Archive Logs to Amazon S3

This Solution describes how to archive a copy of your logs to Amazon's S3 storage service for long-term storage. (Note that the archived copy cannot be viewed, searched or analyzed from within Scalyr.)

A Solution is a step-by-step guide for accomplishing a specific task, designed to make sense even if you're just getting started with Scalyr server monitoring. If you're new to Scalyr, you should read the short Getting Started guide. For help with other tasks, see the Solutions directory.

Prerequisites

1. An Amazon AWS account.

2. An Amazon S3 bucket (in the us-east-1 region) to hold your archived logs. To create a bucket: log into the AWS console, navigate to the S3 service page, and click Create Bucket.

Steps

1. Give Scalyr permission to add logs to the S3 bucket you'll be using:

  • Log into the AWS console and navigate to the S3 service page.
  • Click on the name of the bucket where archived logs should be written.
  • Click on Permissions.
  • Click Add User.
  • Enter the canonical ID for aws@scalyr.com ( c768943f39940f1a079ee0948ab692883824dcb6049cdf3d7725691bf4f31cbb ) and check the Object Access Read and Write permission check boxes and click Save.

For example, the Add User form should look like:

2. Open the /scalyr/logs configuration file. Add an s3ArchiveBucket field, containing the name of your S3 bucket. Optionally, you can also add an s3ArchivePathPrefix field (see "Organizing Logs by Day or Month", below). The file should look something like this:

{
  s3ArchiveBucket: "mycorp-log-archive",
  s3ArchivePathPrefix: "{yyyy}/{mm}/{dd}",

  ...
}

Click Update File to save the change.

3. The first batch of logs should be uploaded within a few minutes. To check, go back to the S3 service page in the AWS console and click on the bucket name. If you don't see any logs, wait a few more minutes and then click the refresh icon in the upper-right corner of the S3 console.

Archive Format

Scalyr archives logs in one-hour increments. 10 to 30 minutes after the end of each hour, logs for that hour are written to S3. Each log file from each host creates a separate object in S3. Logs are compressed in gzip format, and are named according to the following pattern:

HOSTNAME_FILENAME_YYYYMMDD_HH.gz

Where YYYY, MM, DD, and HH give the year, month, date, and hour at the beginning of the time period covered by that object, in UTC time. Special characters in the file name are replaced with dashes. For instance:

my-server-1_-var-log-messages_20140924_22.gz

If you would like to use a different format for log archives, please let us know.

Organizing Logs by Day or Month

You can use the s3ArchivePathPrefix setting to group logs into multiple directories, avoiding one gigantic directory in S3. For instance, if you specify {yyyy}/{mm}/{dd}, then a directory will be created for each year, month, and date. All of these directories reside in the same S3 bucket.

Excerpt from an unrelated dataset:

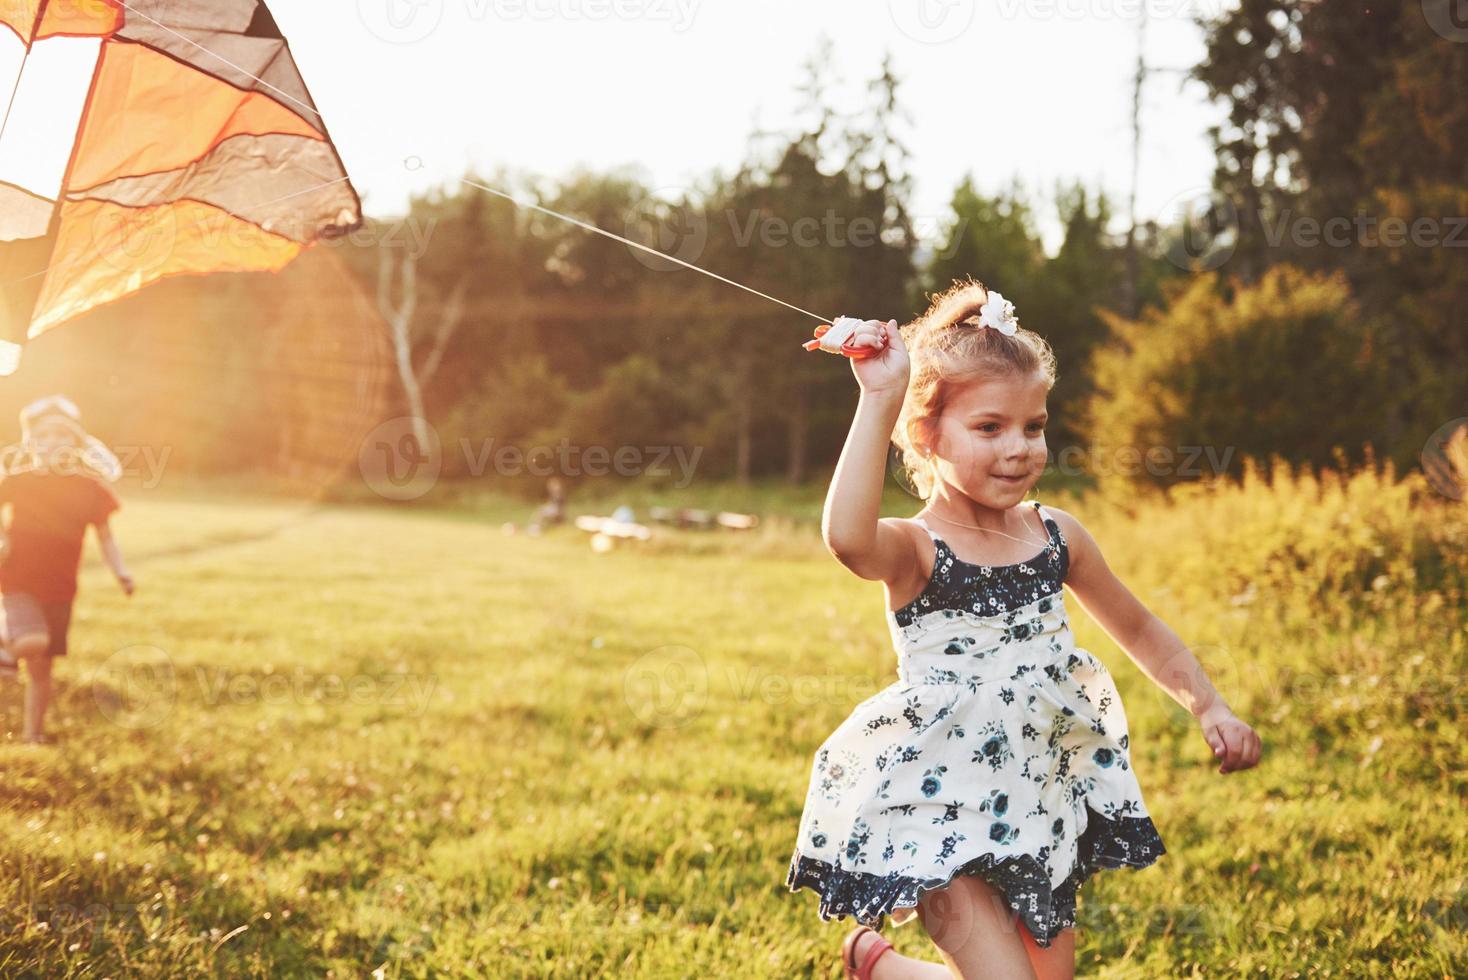 süßes kleines Mädchen mit langen Haaren, das an einem sonnigen Sommertag mit Drachen auf dem Feld läuft foto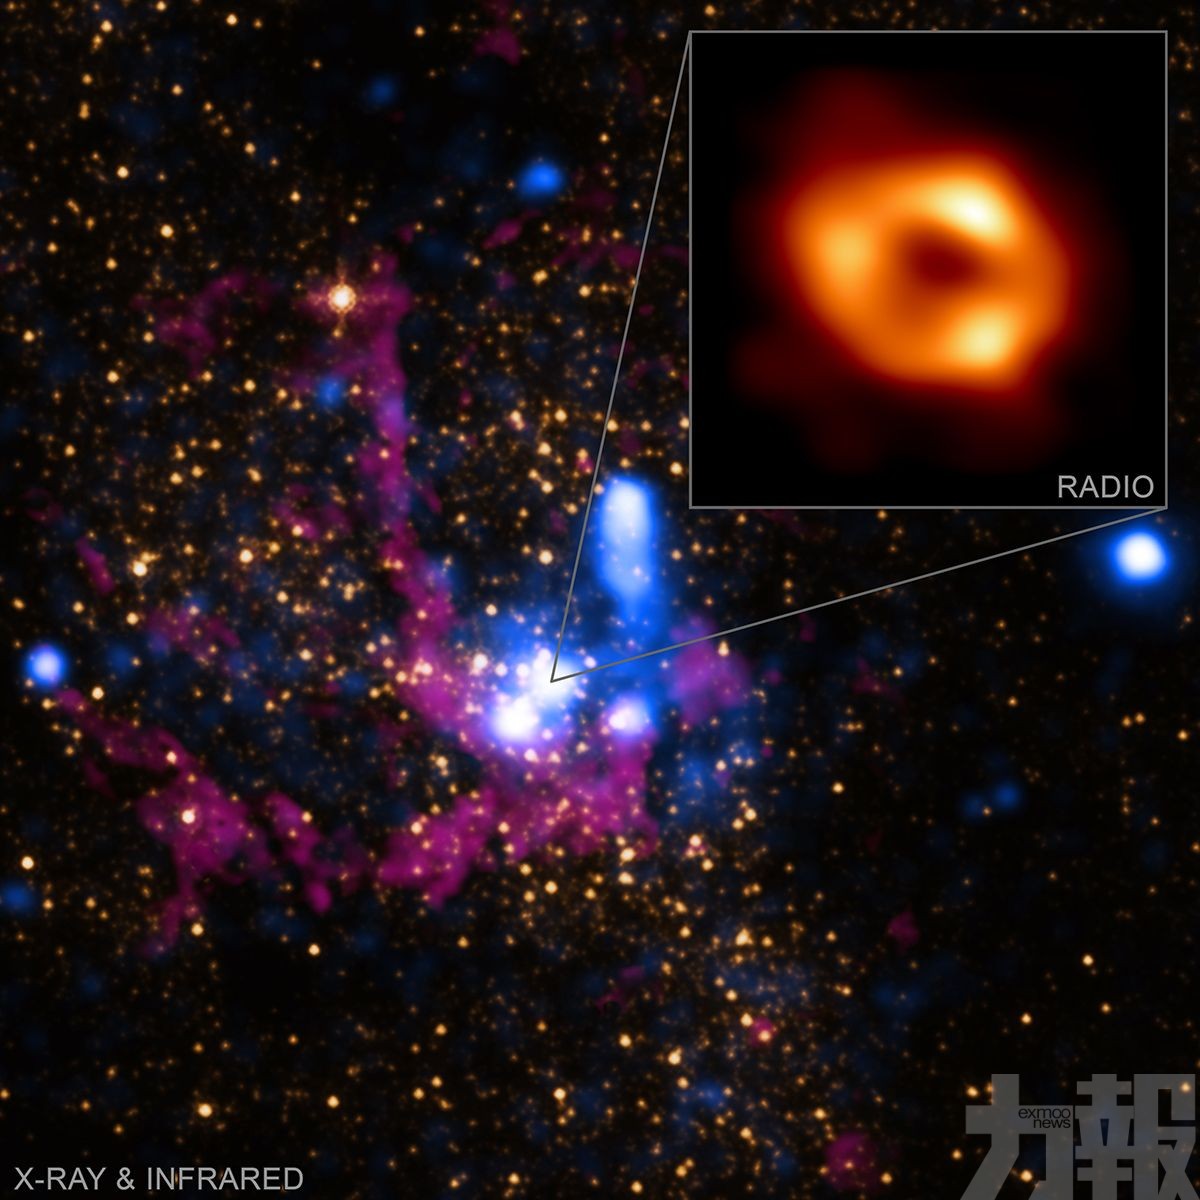 銀河系中心超大質量黑洞首張照片

You can use the following substitution tokens in s3ArchivePathPrefix:

Token Replacement
{yyyy} The four-digit year, e.g. 2014
{yy} The two-digit year, e.g. 14
{mm} The two-digit month, e.g. 04 for April
{dd} The two-digit date, e.g. 09 for April 9

Troubleshooting

Scalyr logs a brief message each time it uploads a batch of logs to S3. You can view these messages to confirm that everything is working correctly, or to troubleshoot problems. To view these messages, go to the Search page and search for tag='s3-log-archive'.

If you haven't properly configured S3 permissions, you'll see an error like this:

errorMessage=Amazon S3 error: Status Code: 403, AWS Service: Amazon S3, AWS Request ID: XXXXXXXXXXXXXXXX, AWS Error Code: AccessDenied, AWS Error Message: Access Denied

Review step 1 above ("Give Scalyr permission to add logs to the S3 bucket..."), and make sure that the bucket name you've specified in the configuration file is correct.

After correcting a configuration error, you will usually have to wait an hour or so until the next batch of logs is uploaded.

If you don't see any records at all with tag='s3-log-archive', check your usage plan (https://www.scalyr.com/plan). S3 log archiving is not enabled for accounts on the Startup plan.

Turning off S3 Archives

To turn off S3 archives, return to the /scalyr/logs configuration file and remove the s3ArchiveBucket field. This will not affect existing archives in S3. You can re-enable archiving at any time by adding the s3ArchiveBucket field again.

Further Reading

If you would like to delete your archived logs after some period of time, you can use S3's Object Lifecycle Management feature. See the S3 documentation for details.